It certainly sounds that way to me and it made me feel sorry for the iggies.


----------



## tippypilot (Dec 9, 2011)

i have four iggys which are certainly loved im not selling all of them just two out of the four and i have already turned down a few people as did not feel they would be right to go to them, and i am in no rush to buy a skunk the owner of one i have contacted about buying i had said only if i downsize my iggys i would be purchasing one. and my iggs have a class1 home i dont see them as ££££ but my pets


----------



## feorag (Jul 31, 2007)

But you see, the way that I see it, if they're your pets, why sell or give them away - basically move them on - to be able to have a skunk??


----------



## mstypical (Feb 16, 2011)

tippypilot said:


> i have four iggys which are certainly loved im not selling all of them just two out of the four and i have already turned down a few people as did not feel they would be right to go to them, and i am in no rush to buy a skunk the owner of one i have contacted about buying i had said only if i downsize my iggys i would be purchasing one. and my iggs have a class1 home i dont see them as ££££ but my pets


No-one said you see them as '££££', rather that you don't see them as members of the family so to speak, if you are getting rid to make room for a new novelty.
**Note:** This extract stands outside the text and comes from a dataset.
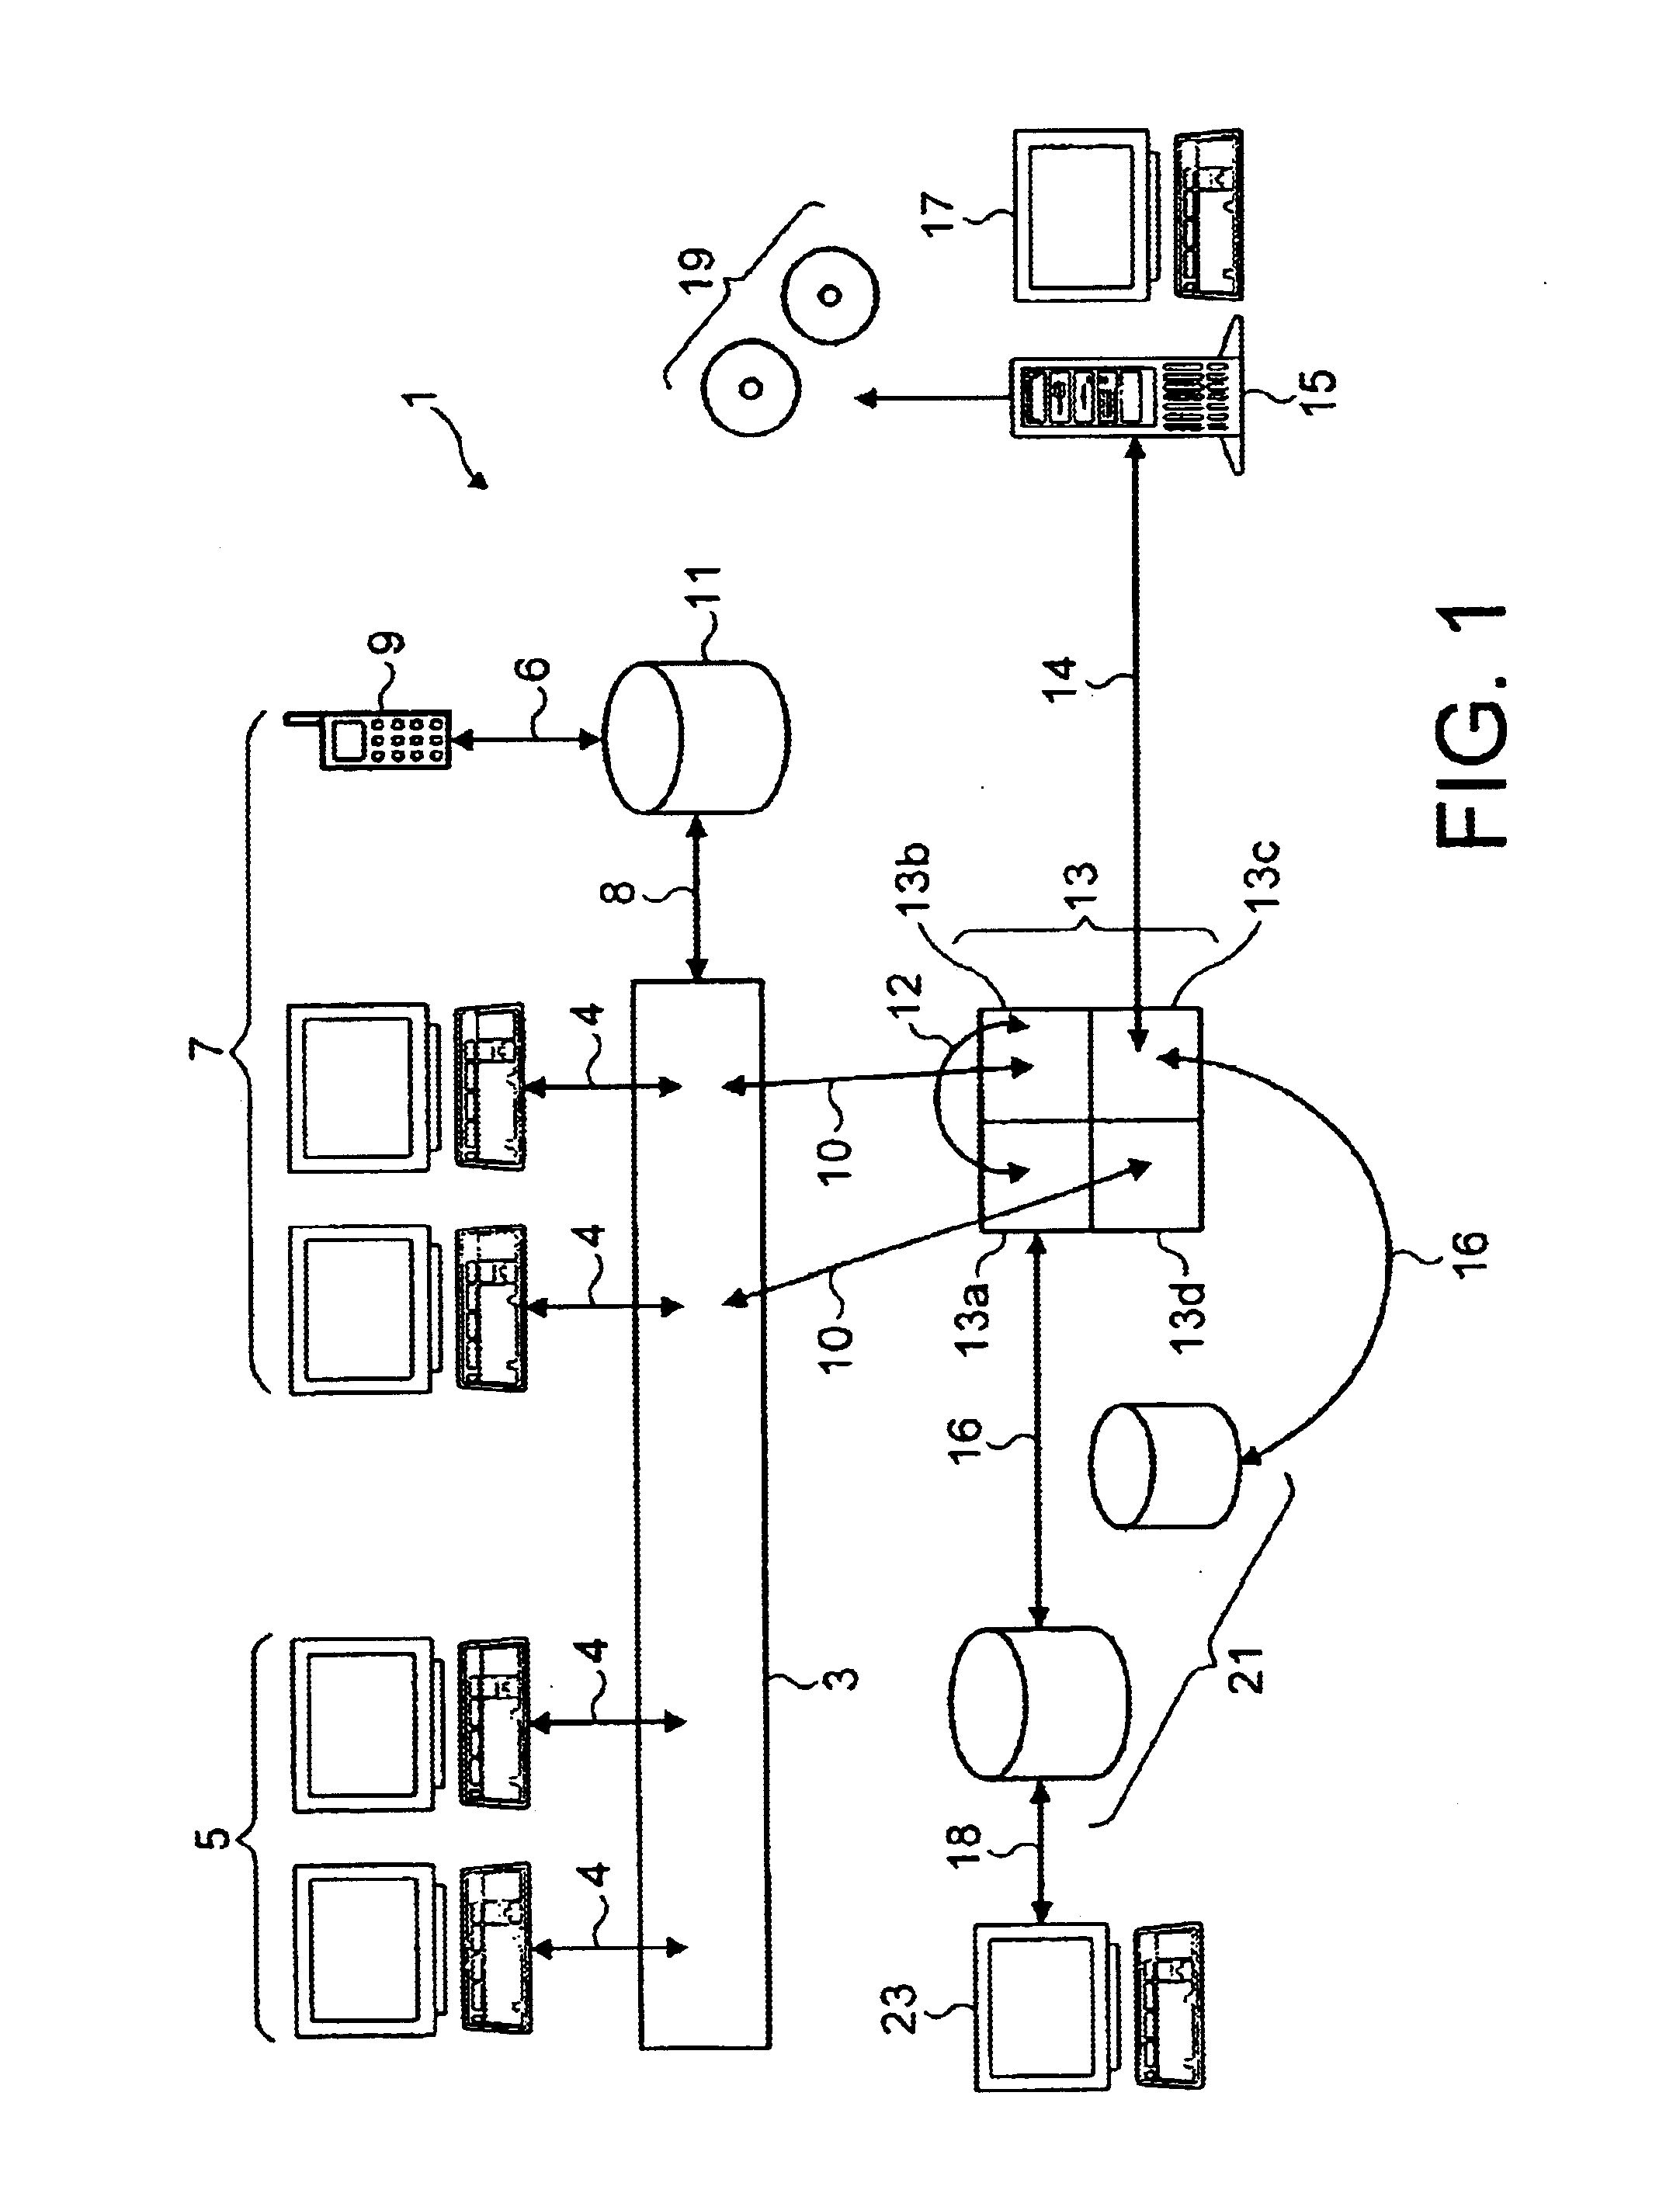 Method and apparatus for content repository with versioning and data modeling

Not a criticism of you, plenty people do the same, it's just a shame.


----------



## tippypilot (Dec 9, 2011)

yeah i see what your saying but i also take on rescue iggys if i can but have no room to take in any more if see what i mean these are not rescues though they are my pets hence why i am being so particular. and a skunk is certainlly not a novelty. just last week was getting a rescue iggy that was living in a coal shed with no heat light etc was discusgted. but i told them give me two days will sort it then bang dont worry just sold it to my friend for 40 pound. but yeah see what you mean and do agree with you but like said im in no rush


----------



## flyingg01 (Apr 6, 2009)

hey,
if you are on facebook try adding "pet skunks uk" this is a group full of skunk owners who are all willing to help all. Also the maker of the group has her own website with everything you need to know i found it very usefull myself


----------



## tippypilot (Dec 9, 2011)

thankyou will have a look now:2thumb:


----------